Fatty acid and biotin metabolism in Escherichia coli.

摘要

The enzyme beta-ketoacyl-ACP synthase II (KAS II) encoded by the fabF gene of Escherichia coli is a component of the fatty acid biosynthetic machinery that performs a key reaction in modulating membrane fluidity. While this enzyme is dispensable for growth of E. coli under the conditions tested, its overexpression from an heterologous promoter on a plasmid is lethal to the cell.;In this study I have shown that the overexpression of the enzyme leads to cell death due to an inhibition of fatty acid synthesis.
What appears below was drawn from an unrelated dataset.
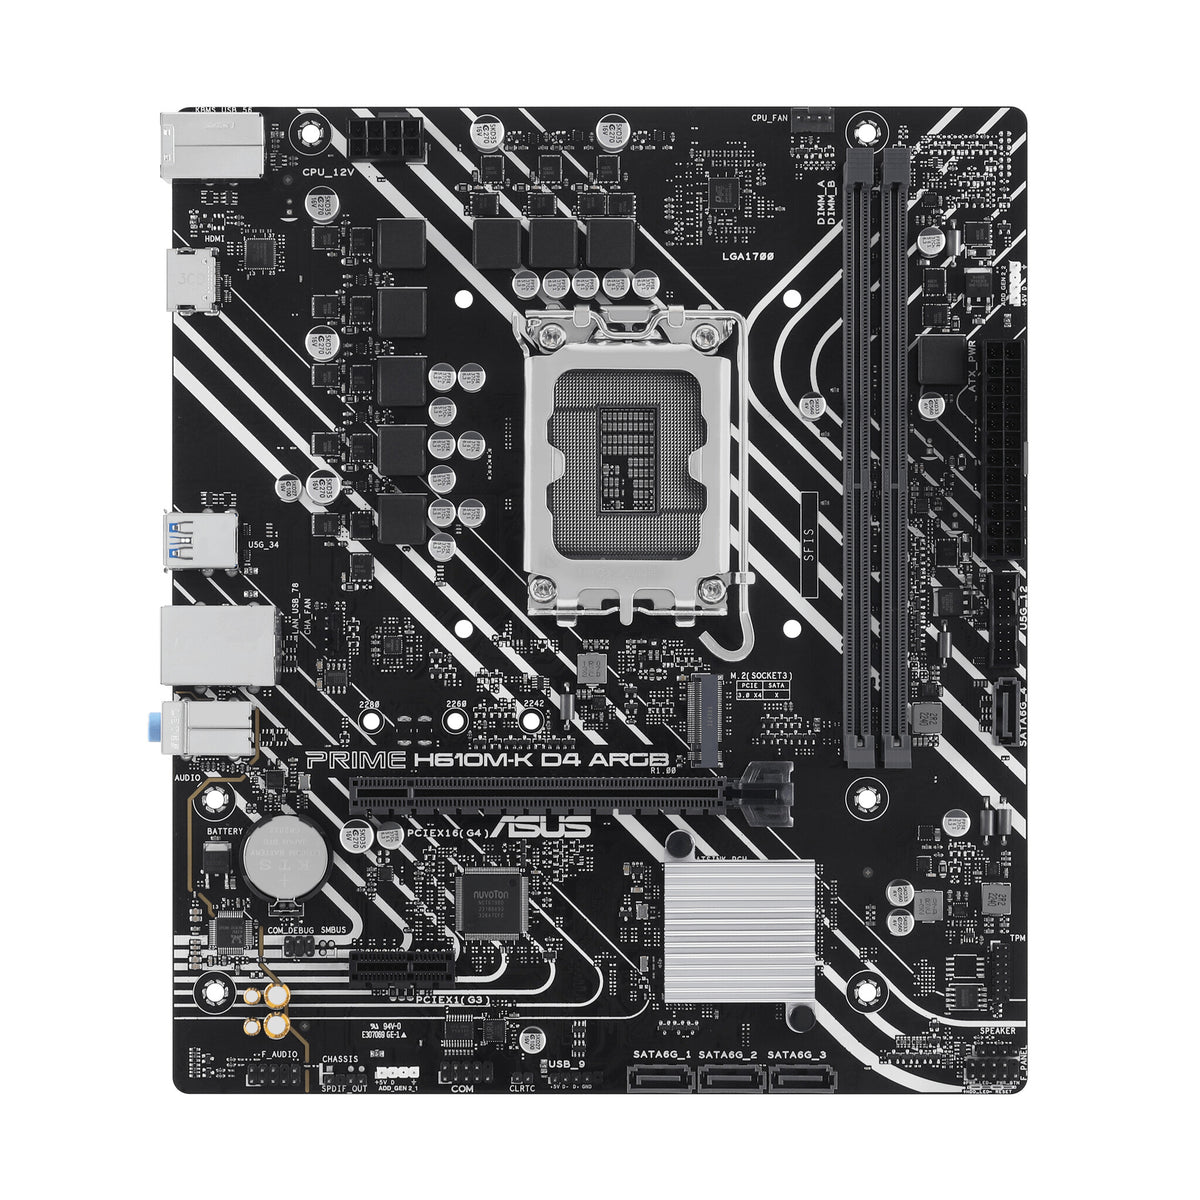 ASUS PRIME H610M-K D4 ARGB micro ATX motherboard - Intel H610 LGA 1700

The immediate effect of overexpressing FabF is the accumulation of malonyl-CoA to about 40% of the total cellular CoA pool from a steady state level of 0.5%. This increase is due to a deleterious interaction between the FabF and FabD proteins resulting in the unavailability of FabD for the FabB and FabH proteins to perform some essential reaction.;In trying to identify other genes regulated by the regulatory proteins FadR (fatty acid metabolism) and BirA (biotin protein ligase and bio operon repressor) I developed a technique to isolate all the binding sites on the chromosome for any DNA binding protein. This technique, a combination of a gel shift assay and PCR, is applicable to any DNA binding protein and is sensitive at the chromosomal level. This technique was tested on the FadR protein which has multiple binding sites on the chromosome and the BirA protein with a single defined binding site on the E. coli chromosome.;Biotin which is essential for the synthesis of fatty acids in E. coli is thought to be derived from a modified fatty acid pathway. In experiments used to verify this hypothesis I discovered a new intermediate in biotin synthesis. This intermediate `X', was purified from the spent growth medium of strain sup151 (isolated as a bypass suppressor of a bioH mutation). Genetic data suggests that this intermediate is made by the action of the bioH and bioC gene products and its production is repressed by high levels of biotin in the growth medium via the BirA protein.